I believe the greatest way to share your faith is not always what you say but how you live. People who feel hopeless are not nearly as impressed with our speaking as they are our living.

Our greatest ability to witness is through what I call "Life Style Evangelism". I truly believe it is perhaps the greatest witnessing tool at our disposal. However, while it is a great tool to win the lost, it can also be destructive if our walk doesn’t match our talk.
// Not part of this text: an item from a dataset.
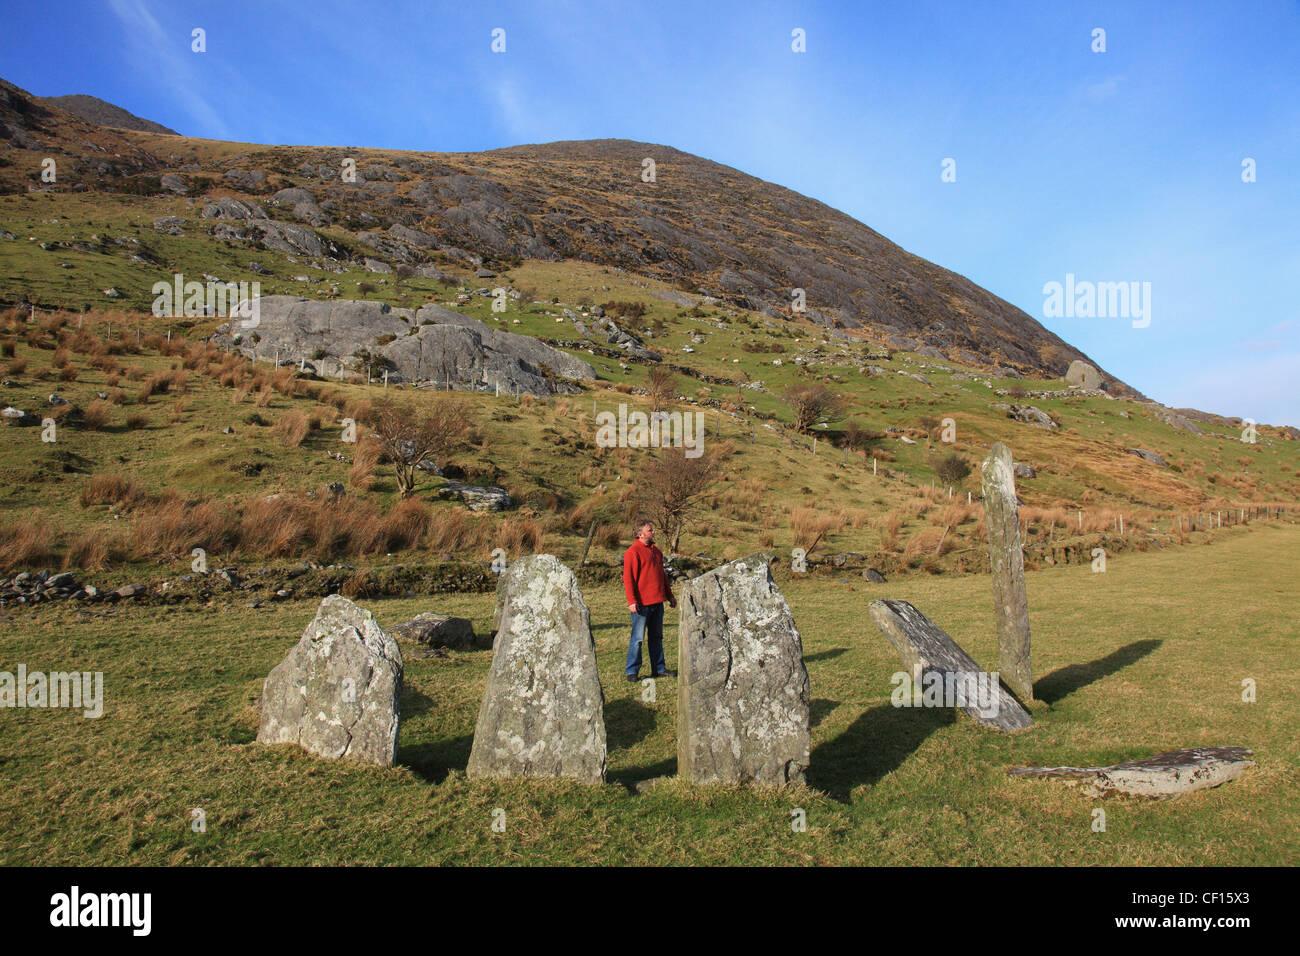 Ein Mann steht In einem Steinkreis; Lauragh County Kerry Irland Stockbild

Here are some simple ways to share your faith…

  • Smile more than you frown
  • Laugh more than you cry
  • Encourage rather than discourage
  • Build up rather than tear down
  • A kind word rather a harsh response

You may say that’s too simple, yet they all demonstrate the love of Christ. Christ never intended for the ministry of witnessing to be complicated. Acts 1:8 “you shall be witnesses unto me”. Our Lord doesn’t need an attorney he simply needs some witnesses... How's your witness?

Pastor Ray

Wednesday, September 5, 2007

Balance, Not Perfection...

Early in Ministry I concluded in my own mind that everything I did had to be perfect. The struggle of trying to do and accomplish perfection in ministry left me out of balance and often times out of touch. I wasted a great deal of time and energy on things that had no eternal consequence.

Discovering the difference between excellence and perfection has left me liberated and brought my ministry and family into balance. While I still conclude that ministry should be done in a par excellent manner, it does not necessarily mean that everything has to be perfect.

I can hear some of you who worked with me during my earlier years of ministry laughing as you read this blog. You are almost certain you have opened the wrong site.

Here’s the key; If you prioritize by purpose you will naturally find balance.
  • What’s my motivation? Is it guilt, or God?
  • What’s my first place of ministry? (My Family)
  • Does it have eternal consequence?
  • Is it worthwhile for the time and energy it will require?
  • Is it something I will enjoy?

Make choices based on how God designed you and not on what others think and want.